> Task item
Each record needs to be transcribed exactly.

** Input data follows **

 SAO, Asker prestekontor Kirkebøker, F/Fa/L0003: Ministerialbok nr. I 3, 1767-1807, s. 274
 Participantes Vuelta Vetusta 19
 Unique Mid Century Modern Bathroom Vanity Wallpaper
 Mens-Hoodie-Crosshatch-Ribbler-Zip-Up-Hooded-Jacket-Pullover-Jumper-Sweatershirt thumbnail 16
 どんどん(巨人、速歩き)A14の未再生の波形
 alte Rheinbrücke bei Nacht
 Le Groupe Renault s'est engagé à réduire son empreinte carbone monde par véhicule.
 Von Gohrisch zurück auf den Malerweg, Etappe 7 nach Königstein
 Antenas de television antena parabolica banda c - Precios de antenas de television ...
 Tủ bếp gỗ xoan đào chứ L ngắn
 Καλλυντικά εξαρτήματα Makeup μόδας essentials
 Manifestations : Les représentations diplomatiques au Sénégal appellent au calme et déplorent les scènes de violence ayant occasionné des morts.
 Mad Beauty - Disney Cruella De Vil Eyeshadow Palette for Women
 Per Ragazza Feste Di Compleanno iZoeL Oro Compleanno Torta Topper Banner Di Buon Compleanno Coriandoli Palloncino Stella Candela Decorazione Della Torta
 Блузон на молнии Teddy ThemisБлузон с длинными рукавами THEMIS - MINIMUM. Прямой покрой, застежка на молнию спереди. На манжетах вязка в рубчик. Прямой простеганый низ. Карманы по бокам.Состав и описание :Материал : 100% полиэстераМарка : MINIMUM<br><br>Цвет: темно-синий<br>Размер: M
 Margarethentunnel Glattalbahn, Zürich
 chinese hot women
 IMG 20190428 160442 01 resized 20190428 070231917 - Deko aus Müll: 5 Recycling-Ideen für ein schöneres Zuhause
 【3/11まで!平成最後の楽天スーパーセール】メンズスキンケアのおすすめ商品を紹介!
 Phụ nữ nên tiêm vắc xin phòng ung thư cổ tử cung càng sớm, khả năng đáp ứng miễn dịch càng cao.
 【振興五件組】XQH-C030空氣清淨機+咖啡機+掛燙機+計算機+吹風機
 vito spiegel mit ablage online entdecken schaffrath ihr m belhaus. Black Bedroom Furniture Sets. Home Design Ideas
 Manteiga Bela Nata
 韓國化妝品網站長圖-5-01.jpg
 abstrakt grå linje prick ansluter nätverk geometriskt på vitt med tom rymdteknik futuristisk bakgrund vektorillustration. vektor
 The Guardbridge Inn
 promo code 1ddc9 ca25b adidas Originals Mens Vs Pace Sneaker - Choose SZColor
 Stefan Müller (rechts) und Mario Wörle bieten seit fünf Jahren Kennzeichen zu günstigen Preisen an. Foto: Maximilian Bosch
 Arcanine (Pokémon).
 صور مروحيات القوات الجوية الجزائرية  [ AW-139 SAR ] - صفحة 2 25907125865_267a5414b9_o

** End of Input data **

> Exercise solution
 SAO, Asker prestekontor Kirkebøker, F/Fa/L0003: Ministerialbok nr. I 3, 1767-1807, s. 274
 Participantes Vuelta Vetusta 19
 Unique Mid Century Modern Bathroom Vanity Wallpaper
 Mens-Hoodie-Crosshatch-Ribbler-Zip-Up-Hooded-Jacket-Pullover-Jumper-Sweatershirt thumbnail 16
 どんどん(巨人、速歩き)A14の未再生の波形
 alte Rheinbrücke bei Nacht
 Le Groupe Renault s'est engagé à réduire son empreinte carbone monde par véhicule.
 Von Gohrisch zurück auf den Malerweg, Etappe 7 nach Königstein
 Antenas de television antena parabolica banda c - Precios de antenas de television ...
 Tủ bếp gỗ xoan đào chứ L ngắn
 Καλλυντικά εξαρτήματα Makeup μόδας essentials
 Manifestations : Les représentations diplomatiques au Sénégal appellent au calme et déplorent les scènes de violence ayant occasionné des morts.
 Mad Beauty - Disney Cruella De Vil Eyeshadow Palette for Women
 Per Ragazza Feste Di Compleanno iZoeL Oro Compleanno Torta Topper Banner Di Buon Compleanno Coriandoli Palloncino Stella Candela Decorazione Della Torta
 Блузон на молнии Teddy ThemisБлузон с длинными рукавами THEMIS - MINIMUM. Прямой покрой, застежка на молнию спереди. На манжетах вязка в рубчик. Прямой простеганый низ. Карманы по бокам.Состав и описание :Материал : 100% полиэстераМарка : MINIMUM<br><br>Цвет: темно-синий<br>Размер: M
 Margarethentunnel Glattalbahn, Zürich
 chinese hot women
 IMG 20190428 160442 01 resized 20190428 070231917 - Deko aus Müll: 5 Recycling-Ideen für ein schöneres Zuhause
 【3/11まで!平成最後の楽天スーパーセール】メンズスキンケアのおすすめ商品を紹介!
 Phụ nữ nên tiêm vắc xin phòng ung thư cổ tử cung càng sớm, khả năng đáp ứng miễn dịch càng cao.
 【振興五件組】XQH-C030空氣清淨機+咖啡機+掛燙機+計算機+吹風機
 vito spiegel mit ablage online entdecken schaffrath ihr m belhaus. Black Bedroom Furniture Sets. Home Design Ideas
 Manteiga Bela Nata
 韓國化妝品網站長圖-5-01.jpg
 abstrakt grå linje prick ansluter nätverk geometriskt på vitt med tom rymdteknik futuristisk bakgrund vektorillustration. vektor
 The Guardbridge Inn
 promo code 1ddc9 ca25b adidas Originals Mens Vs Pace Sneaker - Choose SZColor
 Stefan Müller (rechts) und Mario Wörle bieten seit fünf Jahren Kennzeichen zu günstigen Preisen an. Foto: Maximilian Bosch
 Arcanine (Pokémon).
 صور مروحيات القوات الجوية الجزائرية  [ AW-139 SAR ] - صفحة 2 25907125865_267a5414b9_o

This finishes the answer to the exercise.